CSSEGISandData / COVID-19

Novel Coronavirus (COVID-19) Cases, provided by JHU CSSE
https://systems.jhu.edu/research/public-health/ncov/
29.14k stars 18.46k forks source link

A Lookup Table with UID, ISO and FIPS Uploaded #1791

Open CSSEGISandData opened 4 years ago

CSSEGISandData commented 4 years ago

We newly uploaded a lookup table including UID, ISO alpha 2, ISO alpha 3, ISO 3-digit, FIPS, and location names used in our Dashboard and GitHub. The UID is a combination of ISO numeric code, FIPS, and some artificial numbers. This table will be updated along with more locations joining in. Thanks!

Update 3/31: Add UID for US states and out of state entries. Adjust UID for unassigned locations in the US.

clyde7 commented 4 years ago

Thank you so much!

chrisdane commented 4 years ago

the longitude column is called Long_?

greg-minshall commented 4 years ago

very nice -- thanks!

gkrag commented 4 years ago

Padding values in FIPS code US territories looks like are flipped between daily case counts and lookup table files. For e.g. below are the FIPS codes in lookup table, 00060 00066 00069 00078 and these are the values in case counts file, 66000 60000 69000 78000

CSSEGISandData commented 4 years ago

@gkrag Good catch and yes, they are the same. We first defined them as 66000 and then changed to the 00060 format.

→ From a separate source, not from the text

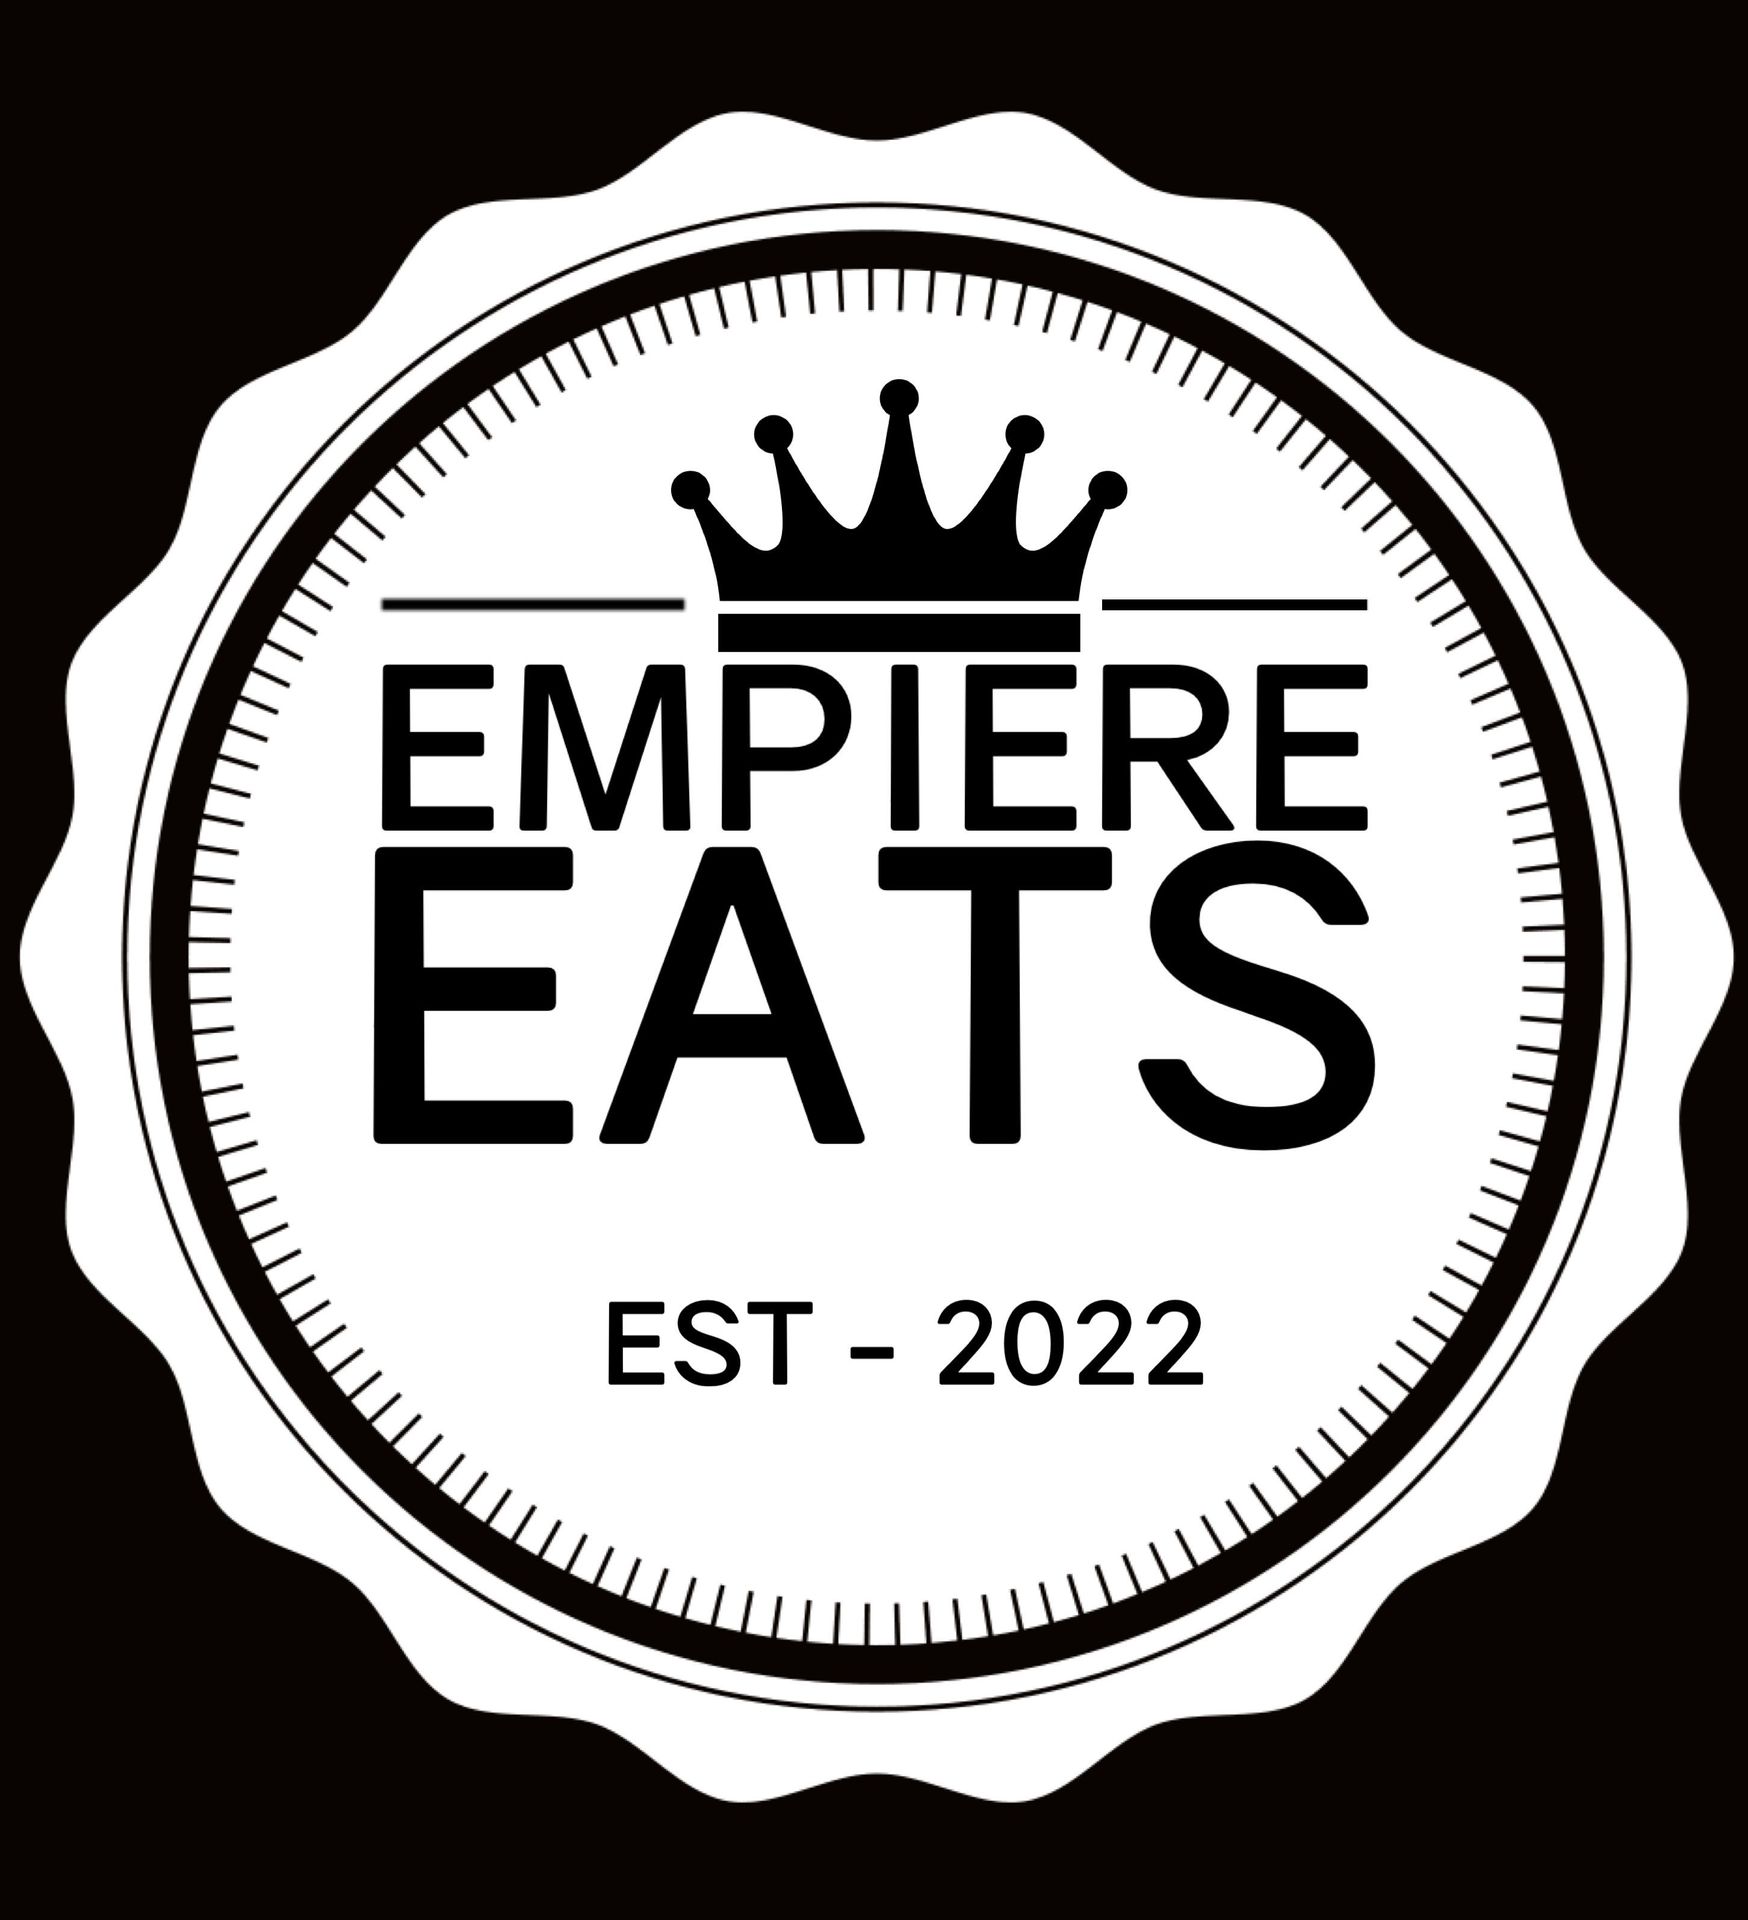 Empiere Eats Gourmet Pies

tautme commented 4 years ago

What is the FIPS code version you are using? FIPS 6-4? INCITS 631?

oltdaniel commented 4 years ago

@CSSEGISandData You have uploaded the CSV table and I think this is enough, so close this one and link it better in the README. 😉

nbuonin commented 4 years ago

I think the padding for FIPS codes with a leading zero is off for the US time series files. In the lookup table these counties do have the leading zero, but in the time series files they don't. They are also represented as floats regardless of the leading zero.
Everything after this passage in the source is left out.